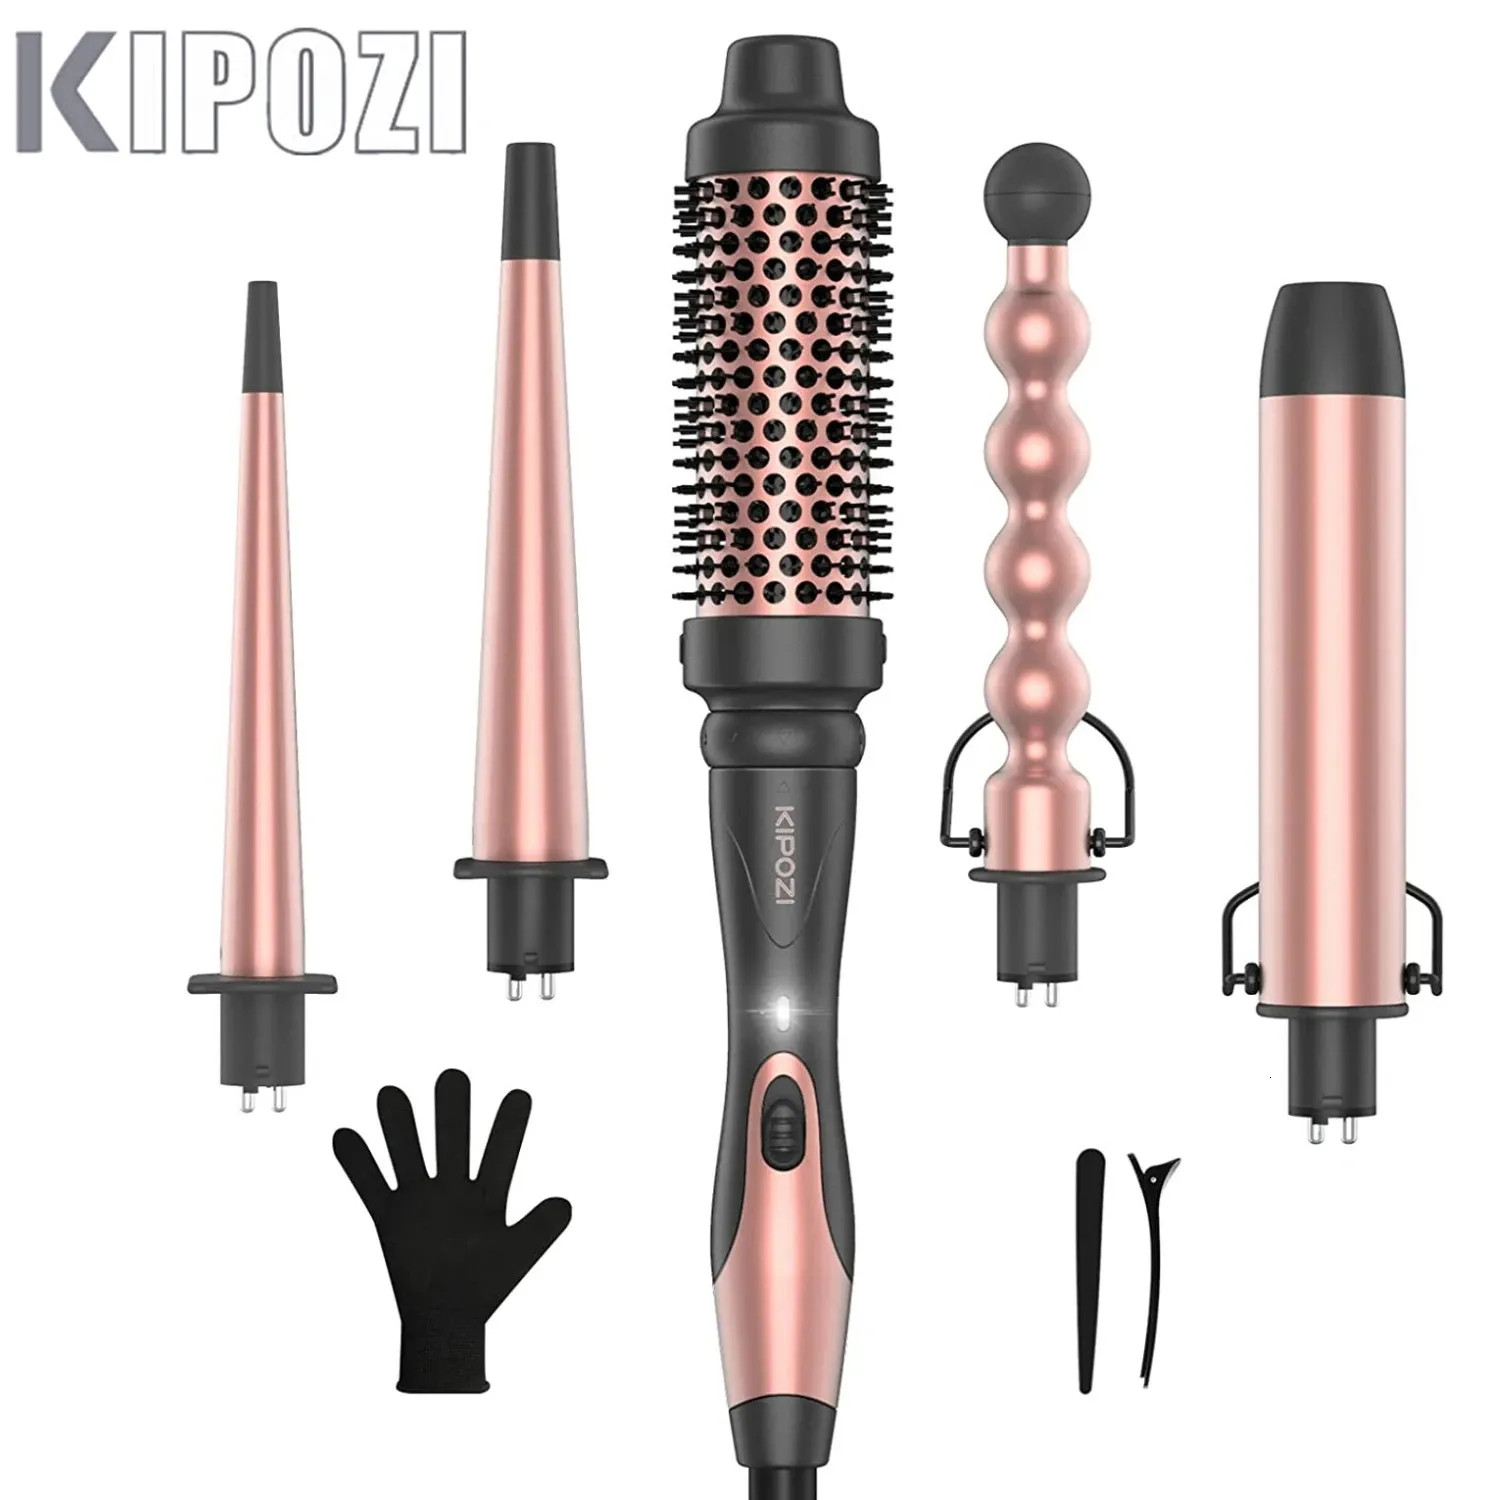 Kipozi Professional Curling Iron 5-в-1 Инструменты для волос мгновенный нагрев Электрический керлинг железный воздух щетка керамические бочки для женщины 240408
--
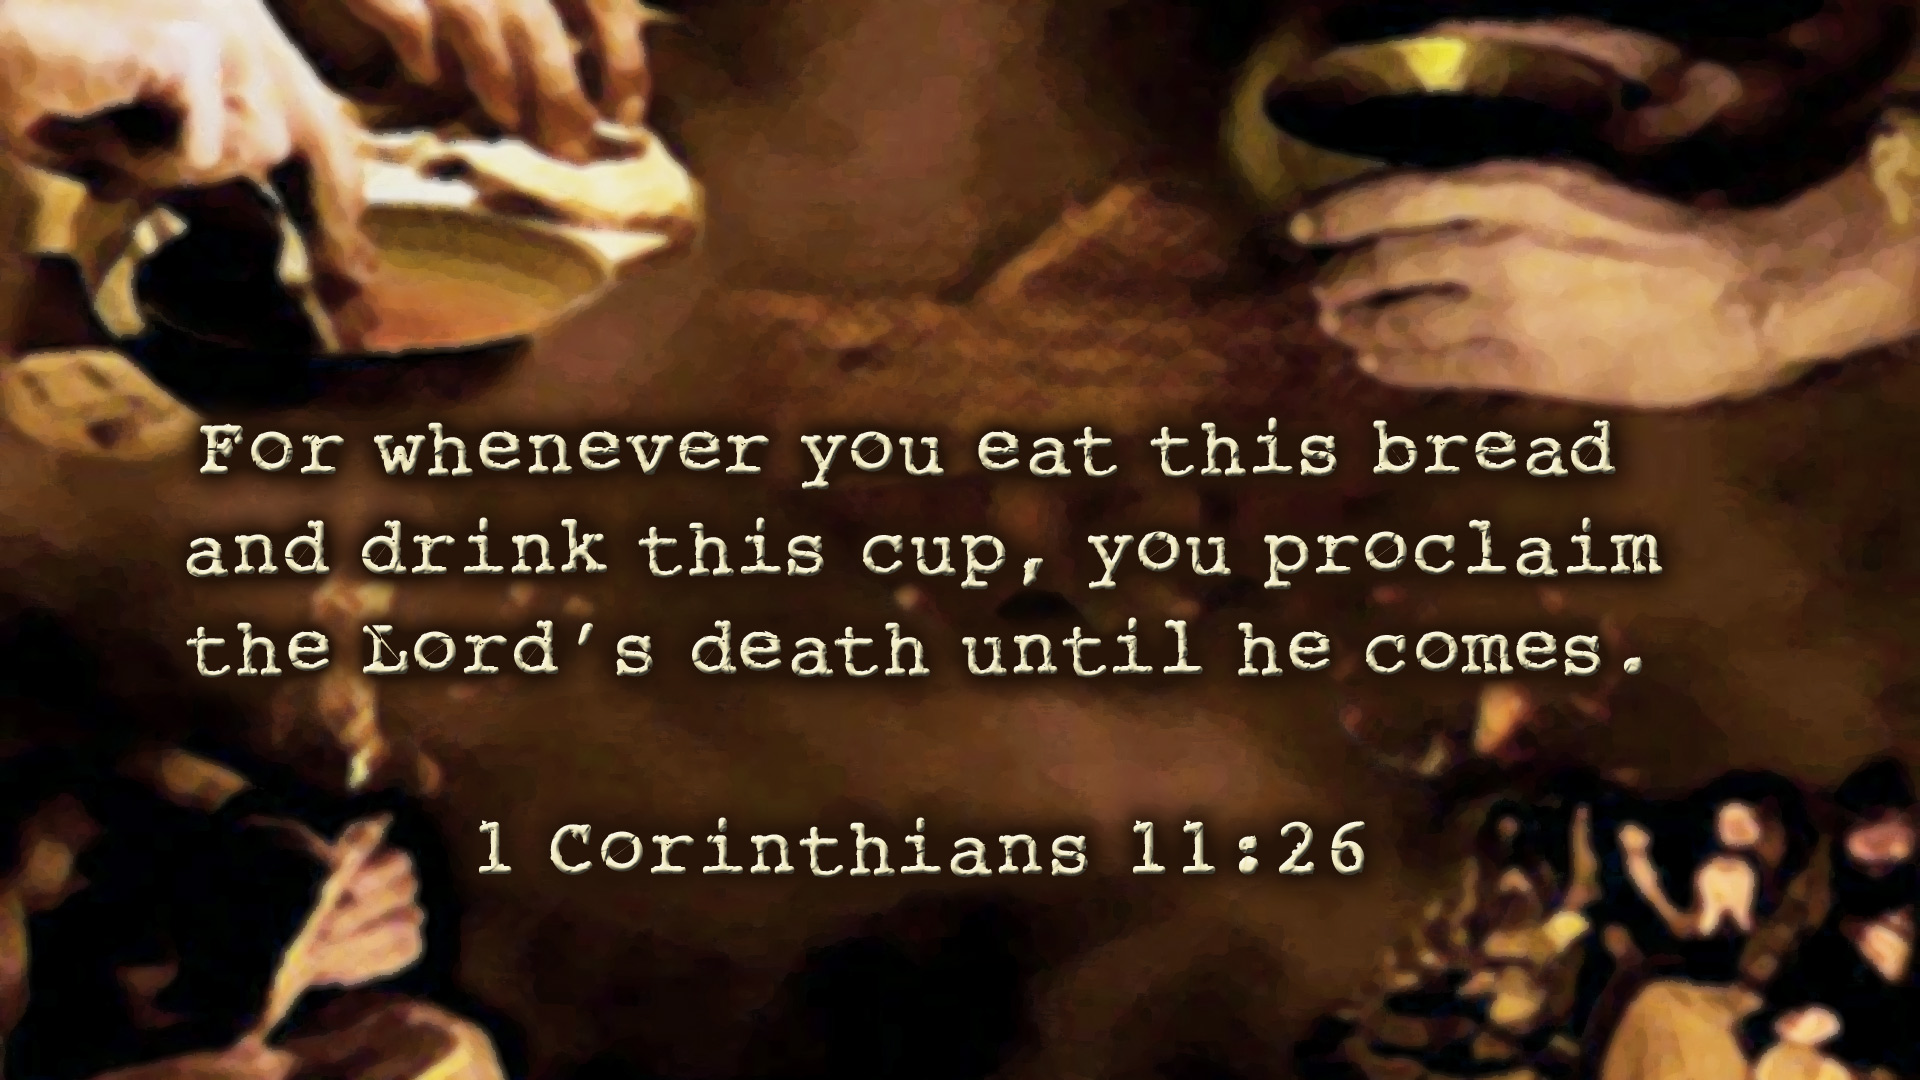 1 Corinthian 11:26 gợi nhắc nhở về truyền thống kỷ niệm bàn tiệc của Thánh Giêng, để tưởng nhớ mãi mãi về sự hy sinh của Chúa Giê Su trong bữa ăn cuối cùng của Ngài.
* * *
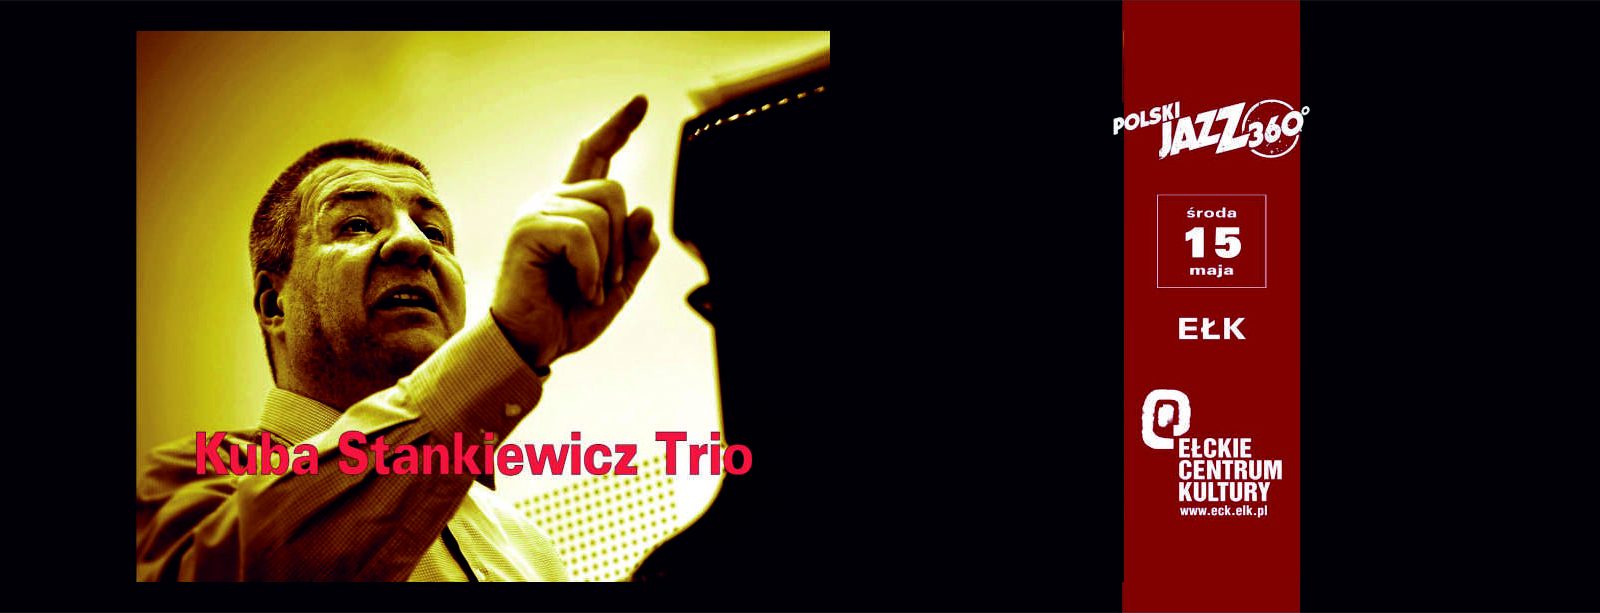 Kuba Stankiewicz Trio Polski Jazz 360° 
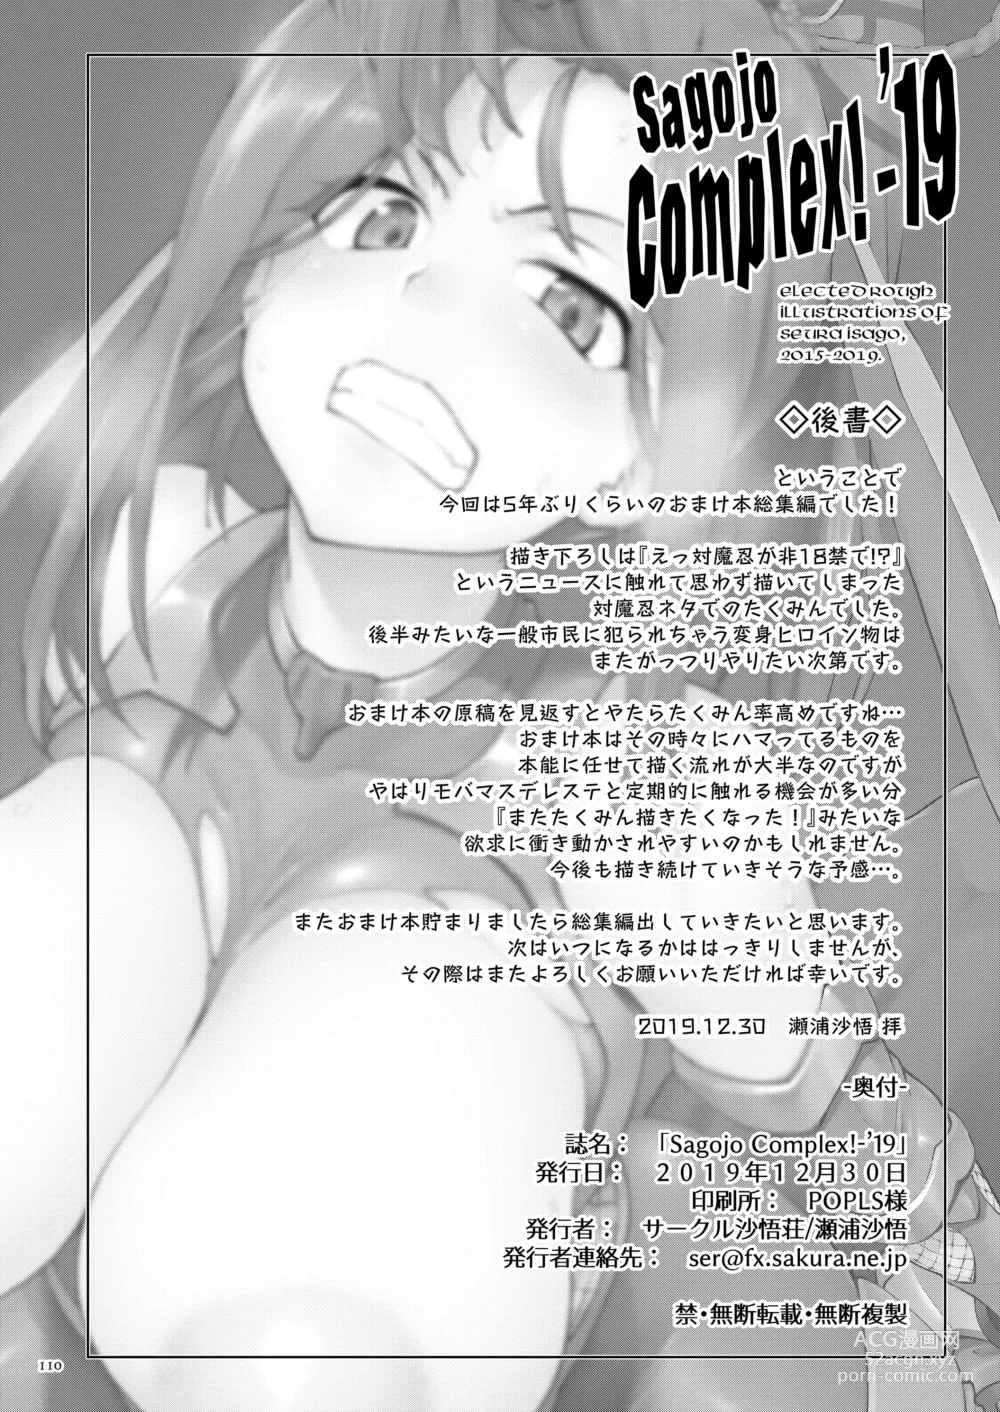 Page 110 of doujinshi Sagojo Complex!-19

→ Exercise objective:
Starting at the line above that has "Kuba Stankiewicz Trio Polski Jazz 360°" and ending at the line that has "Page 110 of doujinshi Sagojo Complex!-19", copy each line exactly, leaving the pictures out and adding nothing.

→ Exercise answer:
 Kuba Stankiewicz Trio Polski Jazz 360° 
 Page 110 of doujinshi Sagojo Complex!-19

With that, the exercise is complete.